[Information supplied]

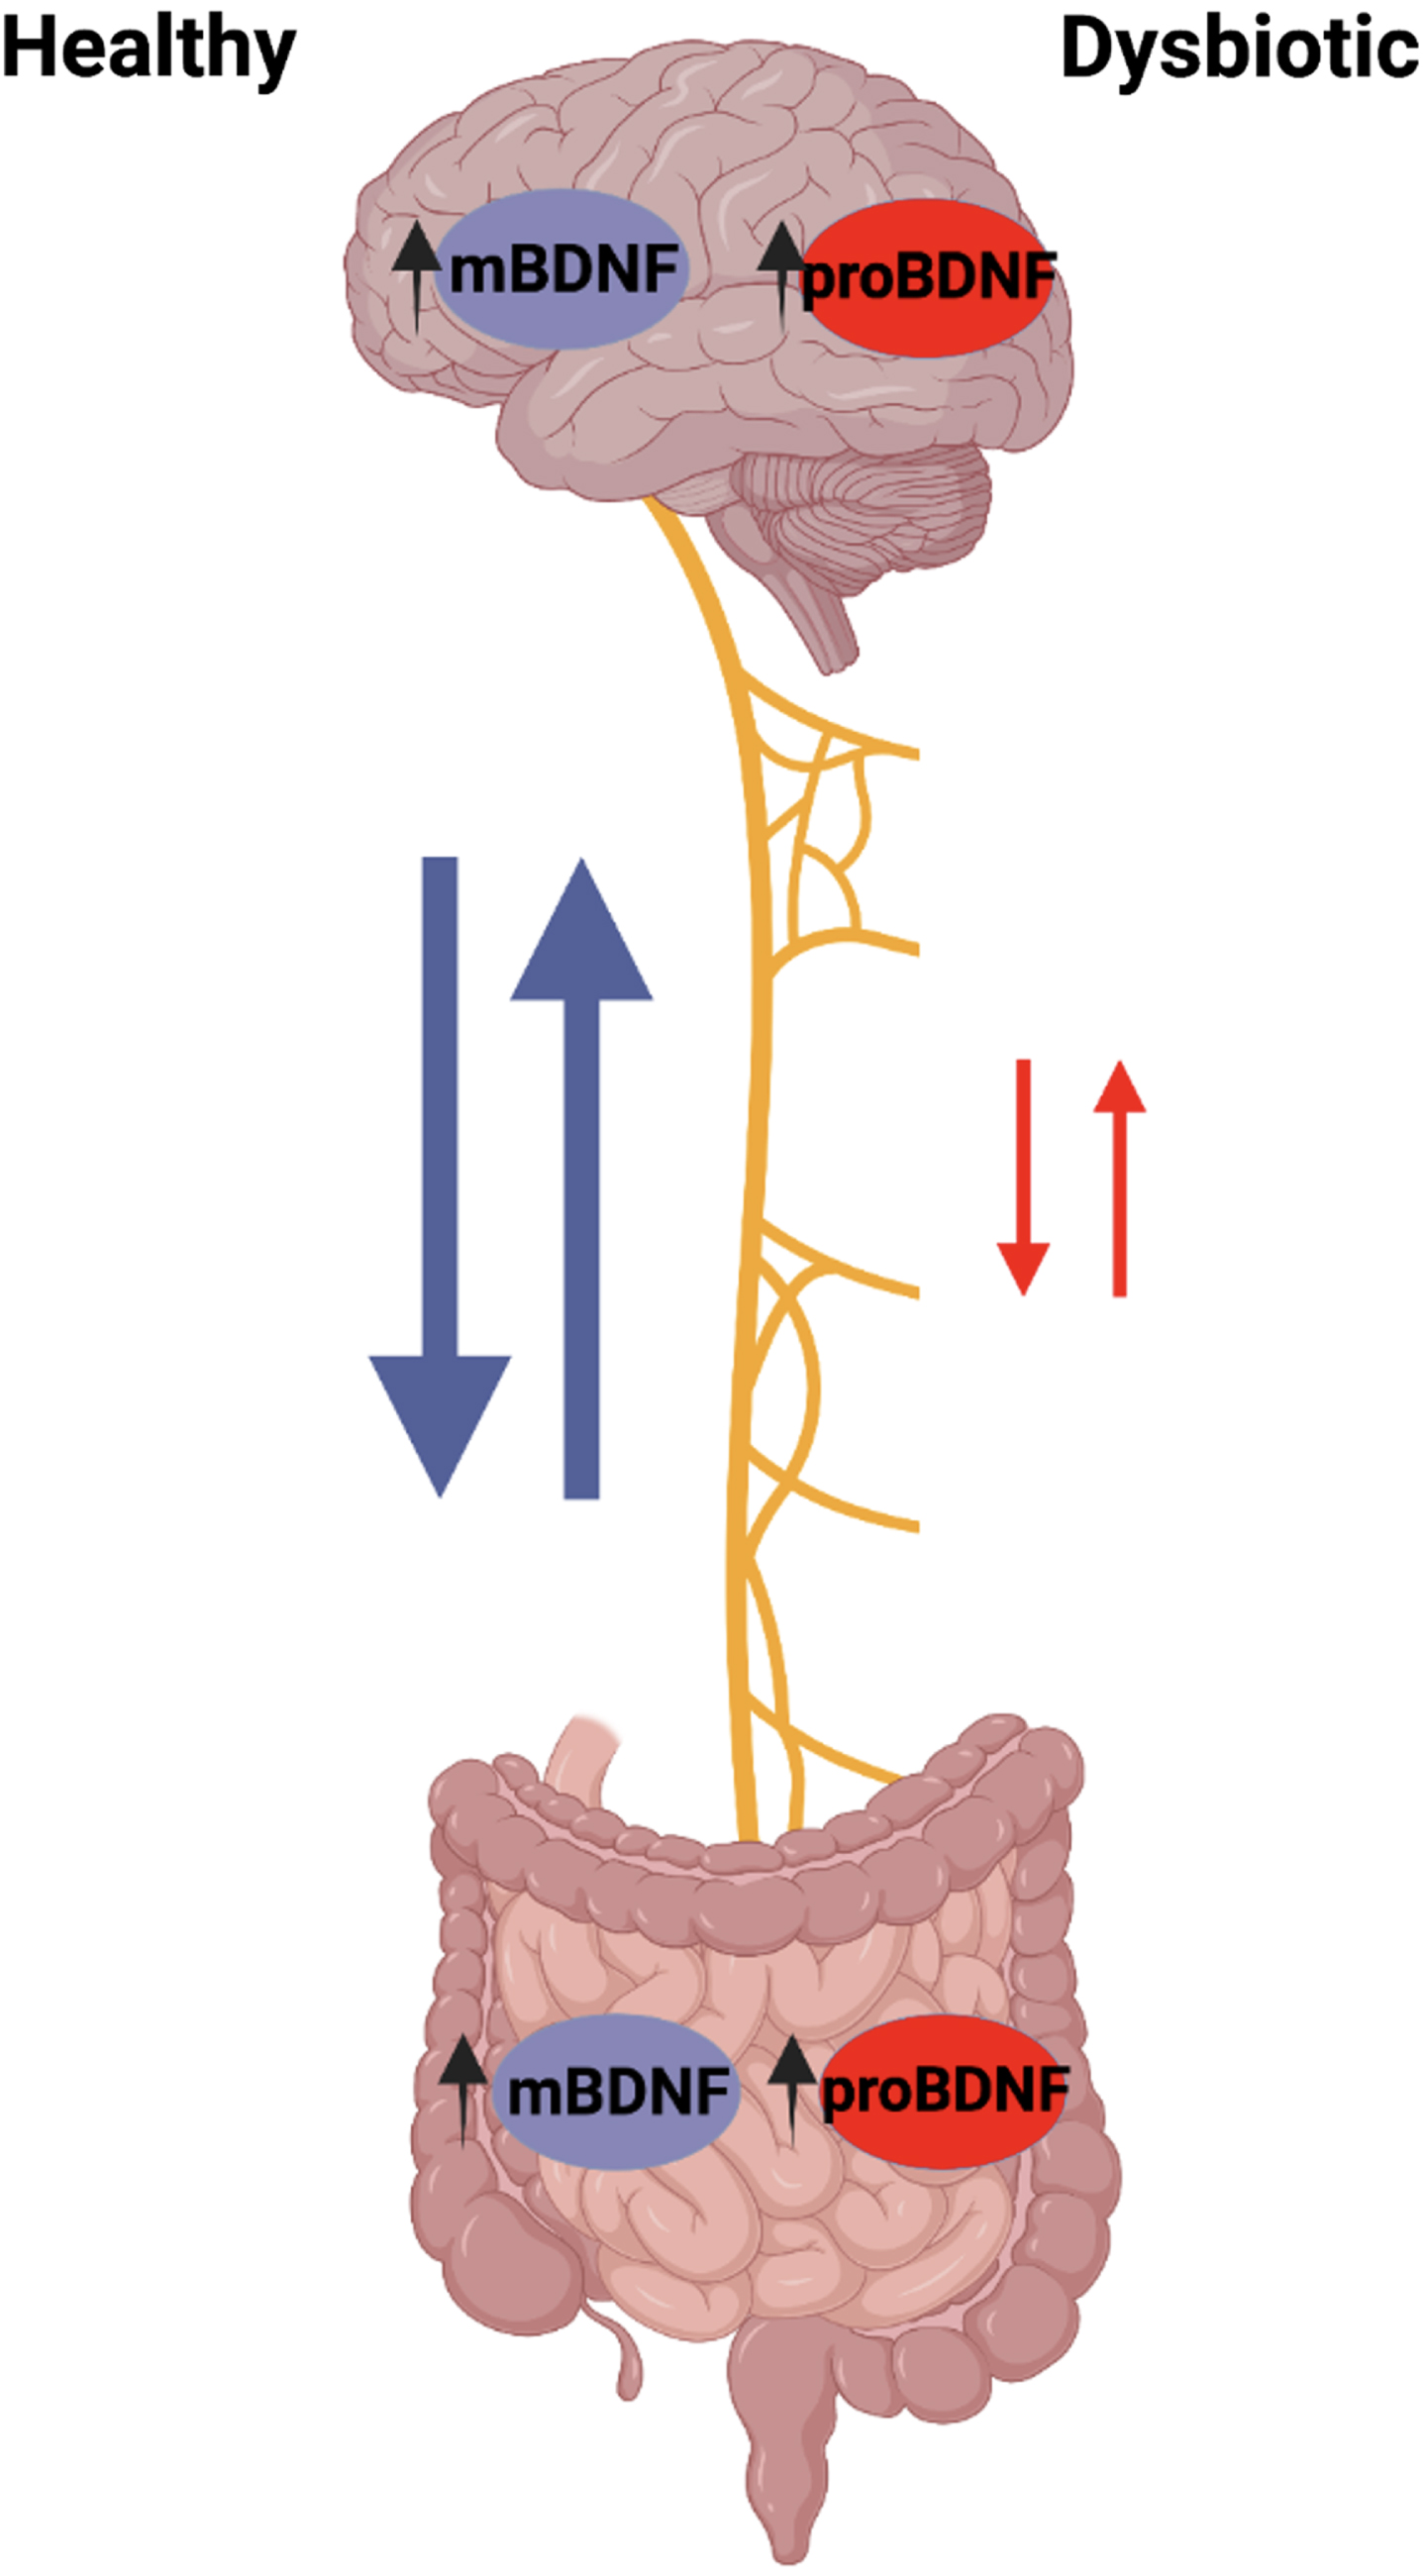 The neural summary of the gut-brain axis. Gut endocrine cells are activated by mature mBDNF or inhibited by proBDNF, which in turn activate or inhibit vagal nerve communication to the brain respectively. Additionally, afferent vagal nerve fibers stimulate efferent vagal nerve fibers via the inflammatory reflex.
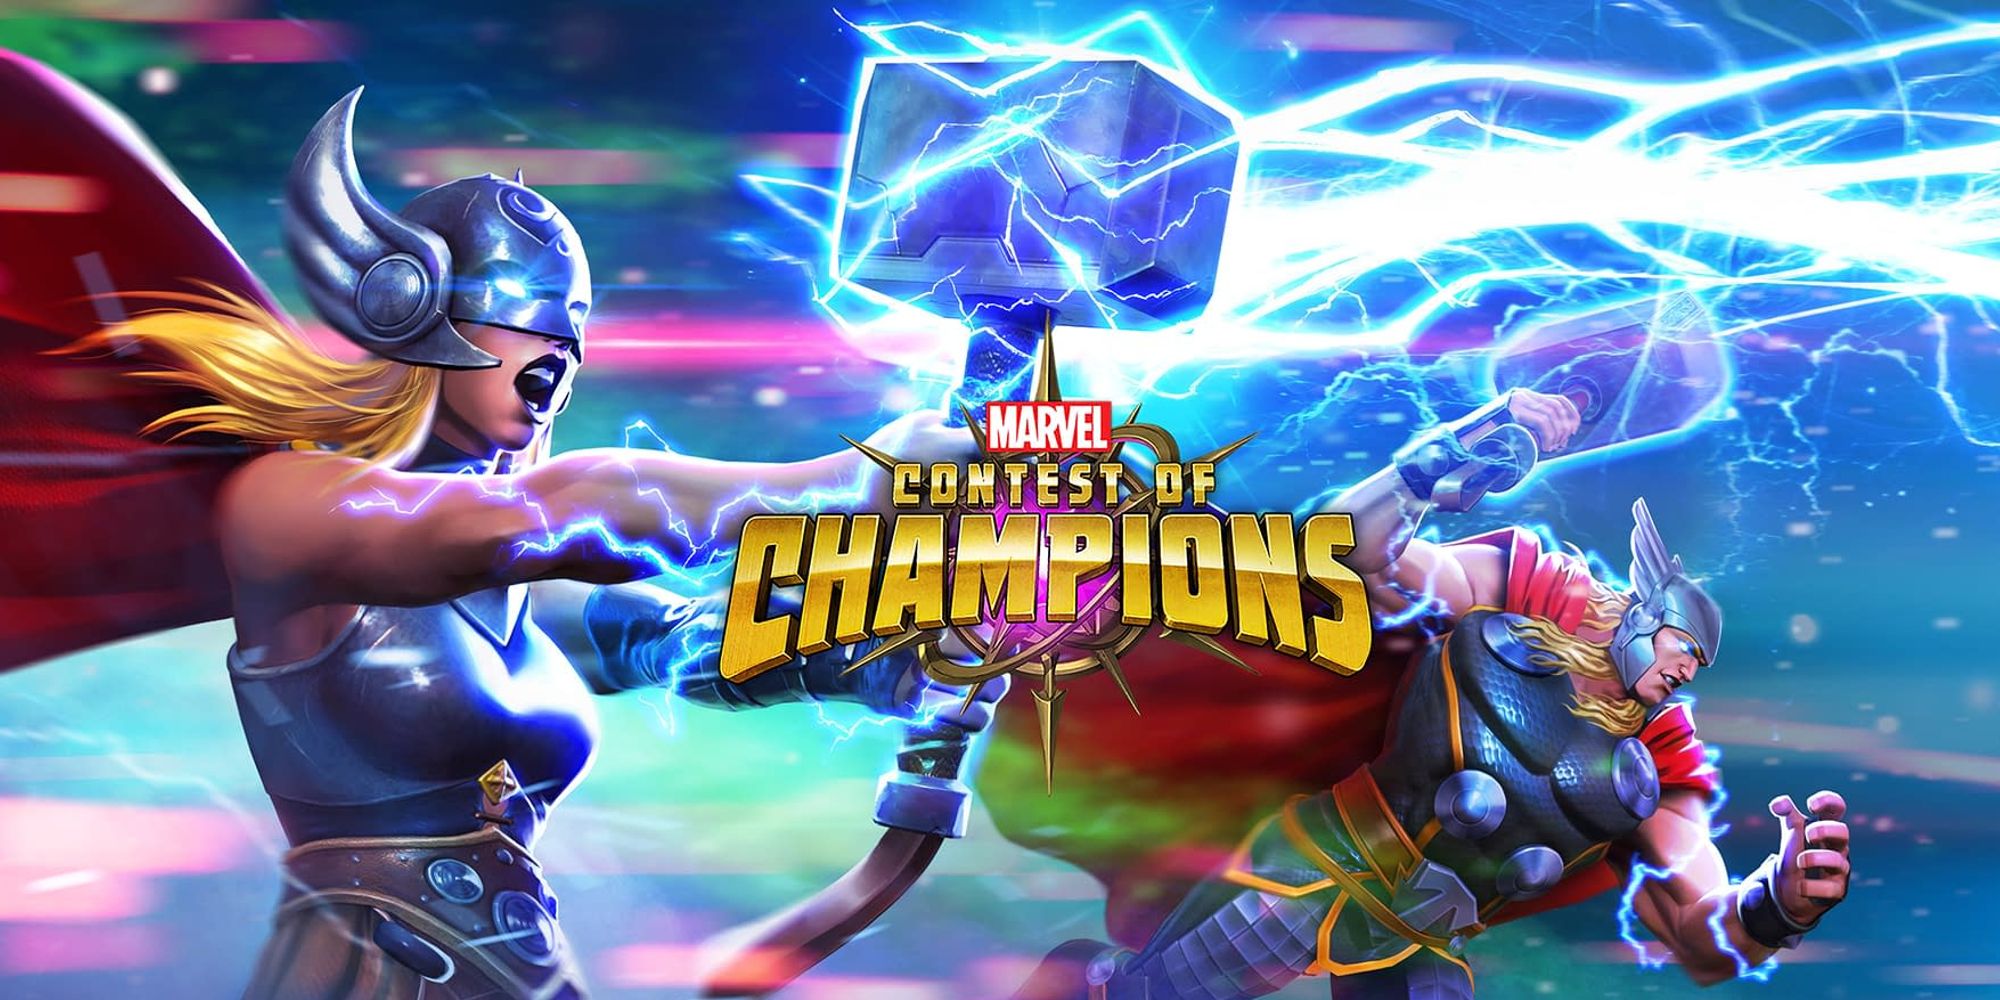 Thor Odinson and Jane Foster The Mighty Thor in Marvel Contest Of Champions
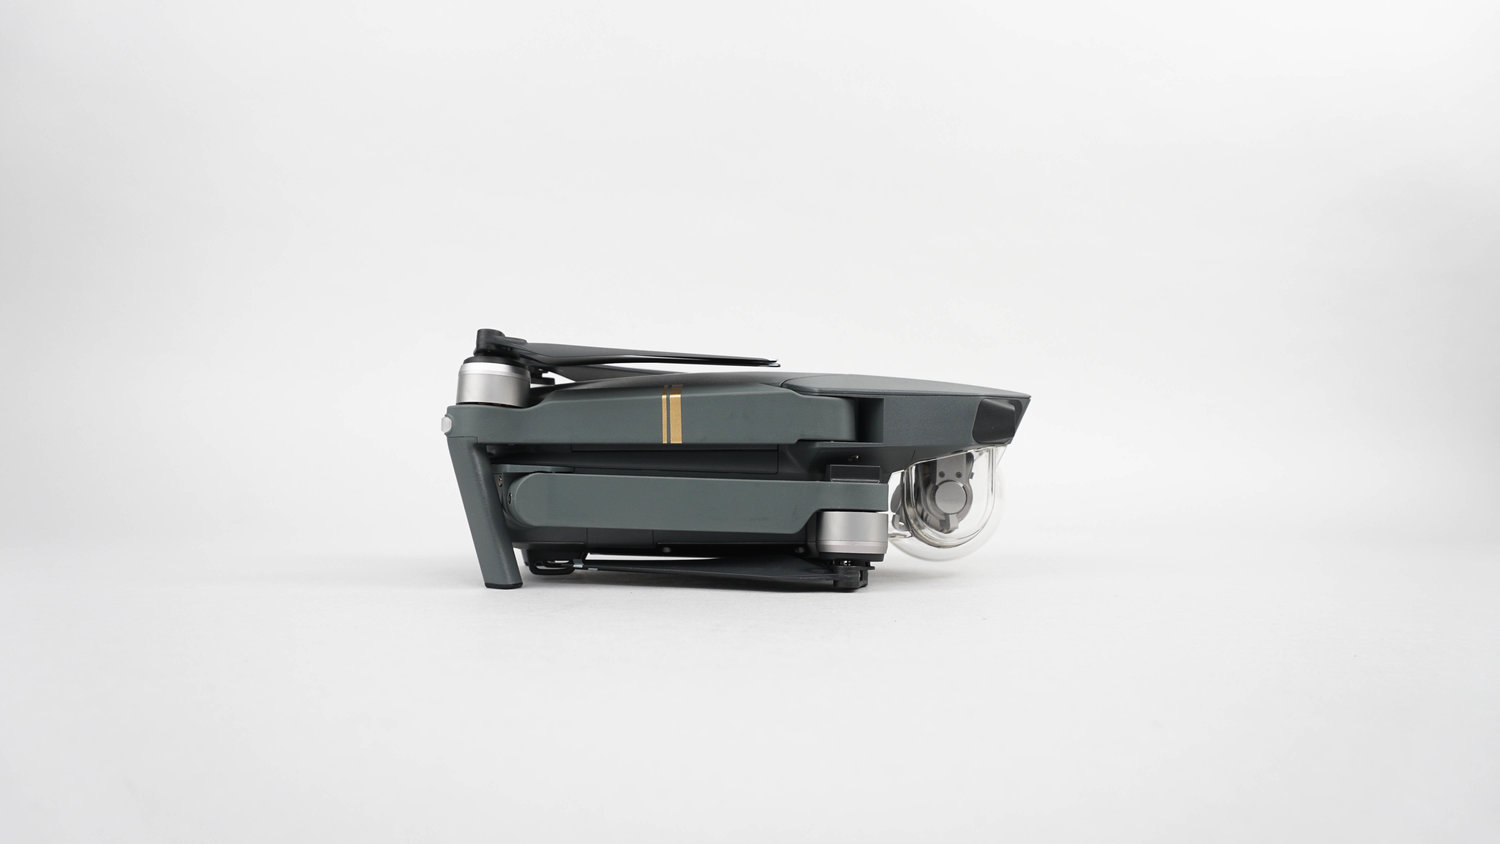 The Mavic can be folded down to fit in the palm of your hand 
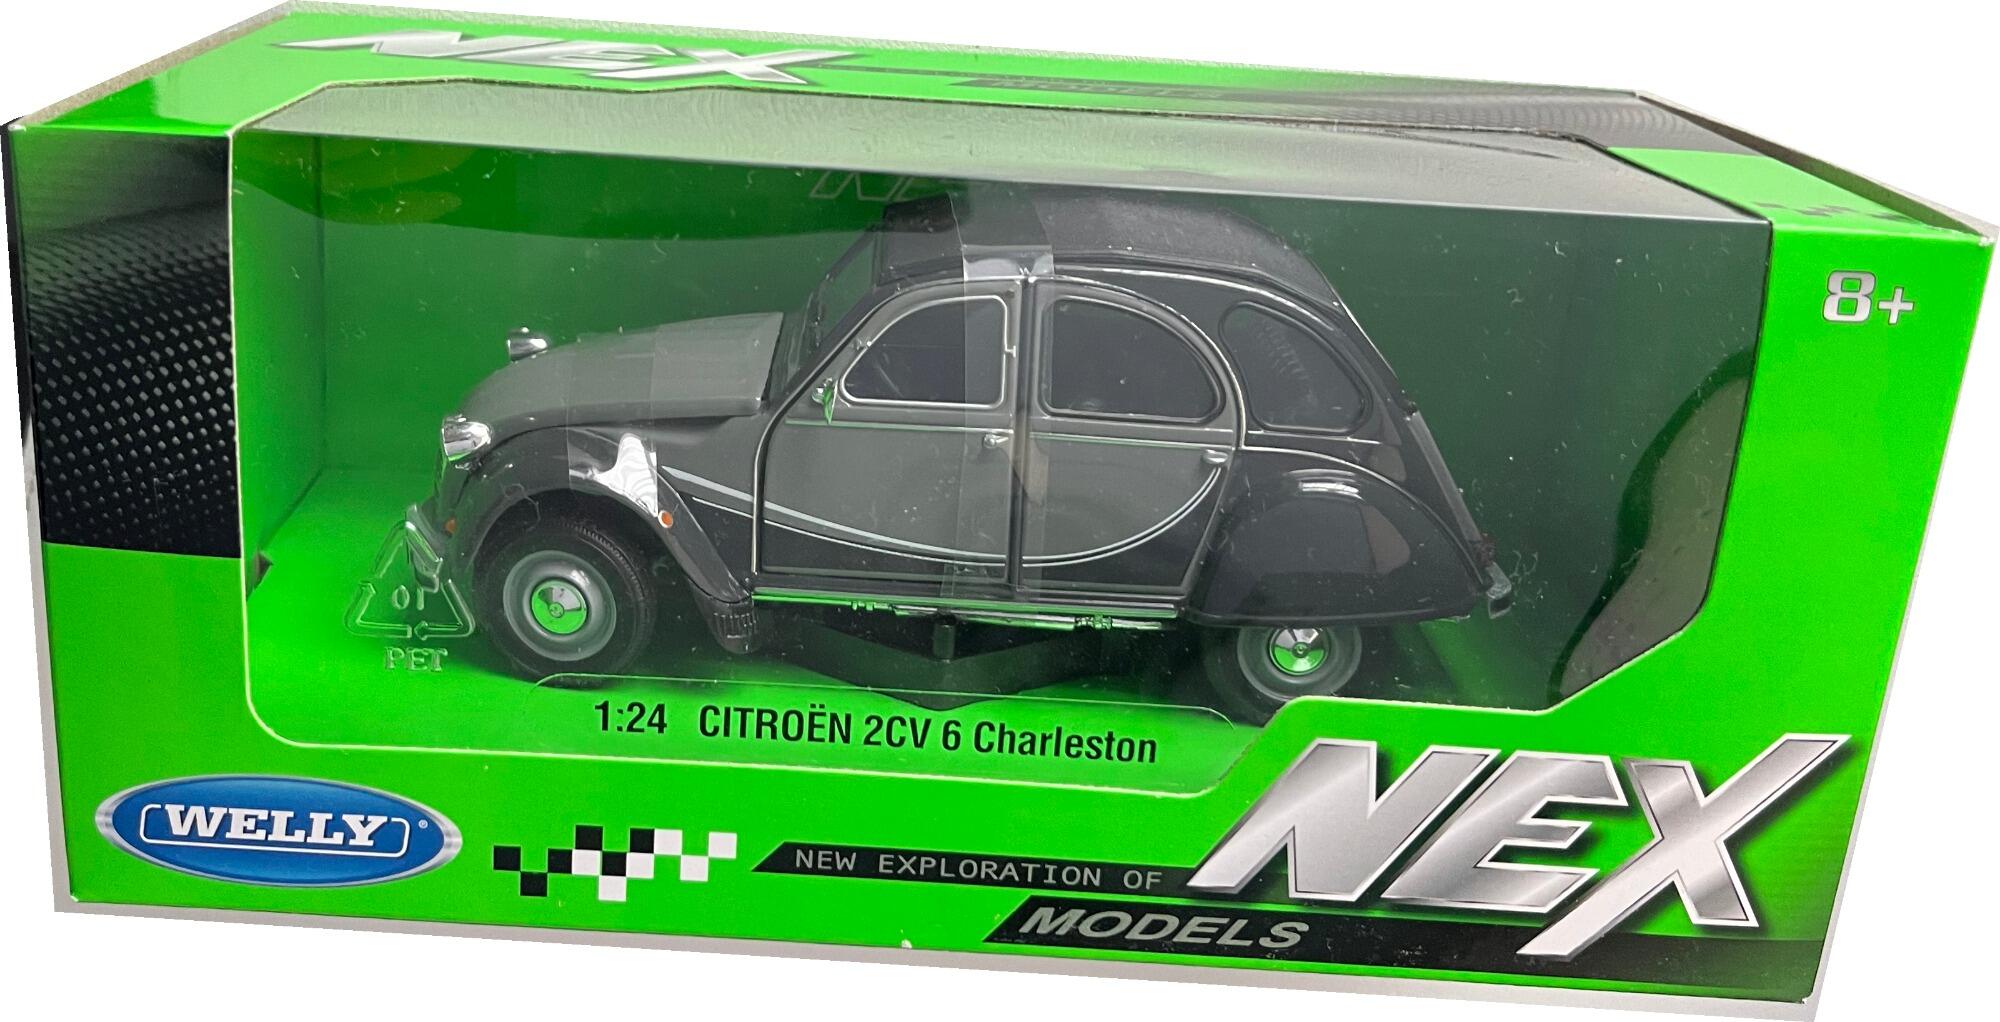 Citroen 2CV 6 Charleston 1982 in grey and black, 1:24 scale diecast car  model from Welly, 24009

[/Information supplied]

Your task =
Retyping should start at the first line of the data above and stop after the line with "The Mavic can", and no picture should be included.

Exercise answer =
 The neural summary of the gut-brain axis. Gut endocrine cells are activated by mature mBDNF or inhibited by proBDNF, which in turn activate or inhibit vagal nerve communication to the brain respectively. Additionally, afferent vagal nerve fibers stimulate efferent vagal nerve fibers via the inflammatory reflex.
 Thor Odinson and Jane Foster The Mighty Thor in Marvel Contest Of Champions
 The Mavic can be folded down to fit in the palm of your hand 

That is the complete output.